一方、キーリーはジェイミーとシャンディのことで考えを改め、レベッカは気まずい立場に立たされ、大物投資家が試合に現れ、テッドは落ち込んでいる。「ビッグ・ウィーク」と題されたこのエピソードは、Apple TV+最大のヒット作の中でも、総合的に見てかなり良い出来だ。
シーズン3、エピソード4:ジェイミー・タート(フィル・ダンスター)は午前4時、ロイ・ケント(ブレット・ゴールドスタイン)がドアをノックする音で目を覚ます。数日前、ジェイミーはロイに、AFCリッチモンドの新星、ザヴァ(マクシミリアン・オシンスキー)よりも優れた選手になりたいと漏らしていた。ロイはそれを聞いて、彼を疑念と苦悩に浸らせるより、ジェイミーを助けてあげようと思った。さあ、トレーニング開始だ。

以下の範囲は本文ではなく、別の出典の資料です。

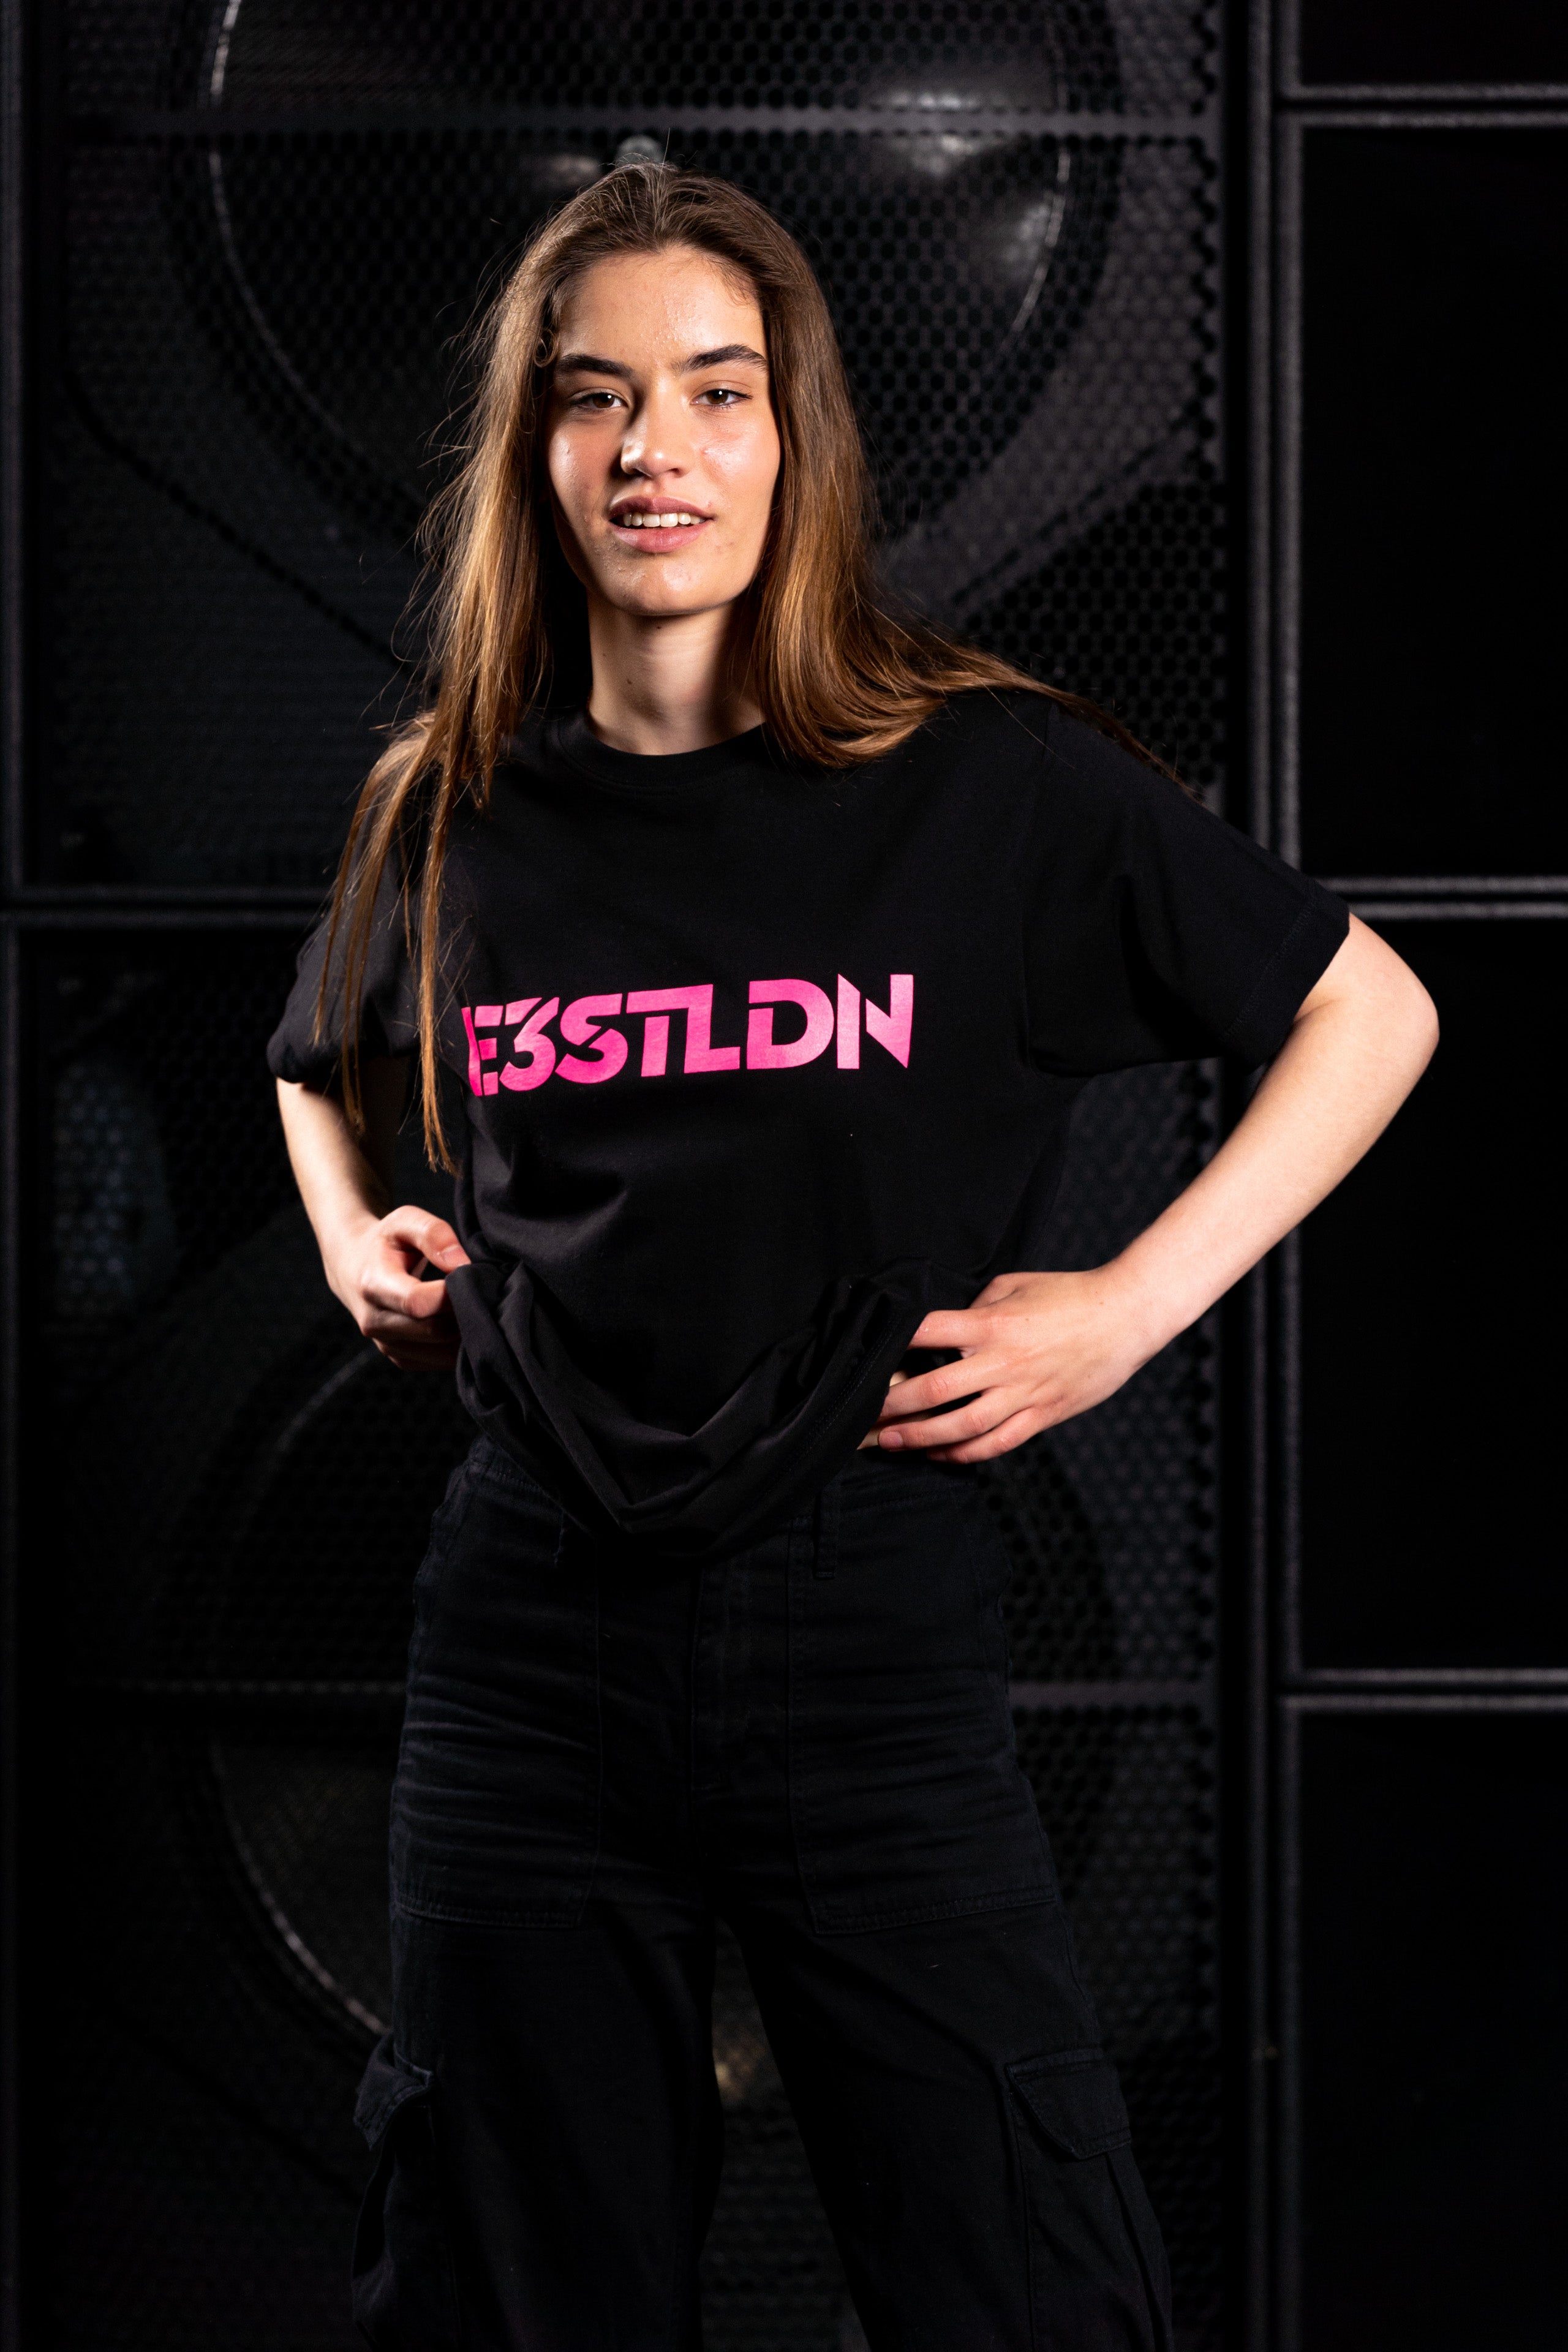 E3STLDN Neon T-shirt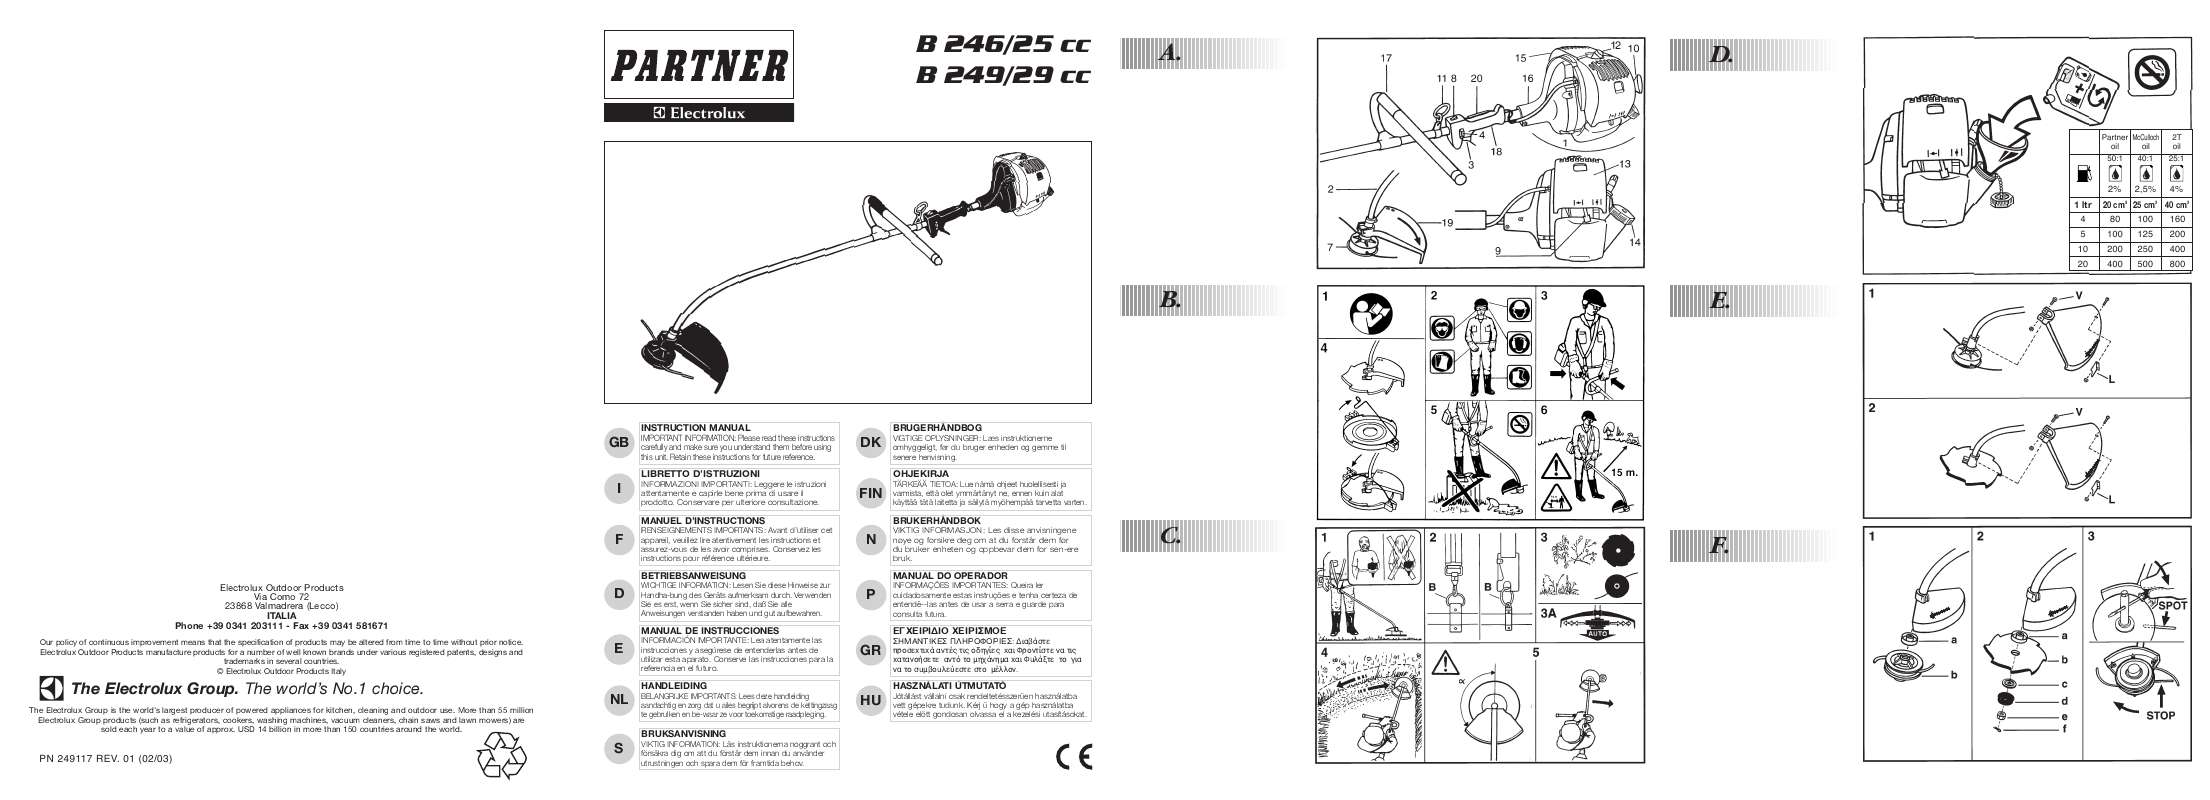 Guide utilisation PARTNER B 246 TRIMMER  de la marque PARTNER

ジェイミーのもう一人の コーチ、テッド・ラッソ(ジェイソン・サダイキス)は、 フローレンス・“サッシー”・コリンズ(エリー・テイラー)とベッドで目を覚ます。彼はデートを勧めるが、彼女は「絶対にだめ」と言い、テッドがめちゃくちゃだと説明する。彼は自分の欠点を隠すために人に過剰に優しくする。彼女は数年前、結婚生活が破綻した時、自分も同じような経験をした(ただし、全く逆の方向だった)。彼女が交際を考えるには、テッドが自分の気持ちをコントロールする必要があるが、正直言って彼女は考えたくない。現状のままでいいと思っているのだ。(テッド、私もそうだった。さあ、乗り越えよう。)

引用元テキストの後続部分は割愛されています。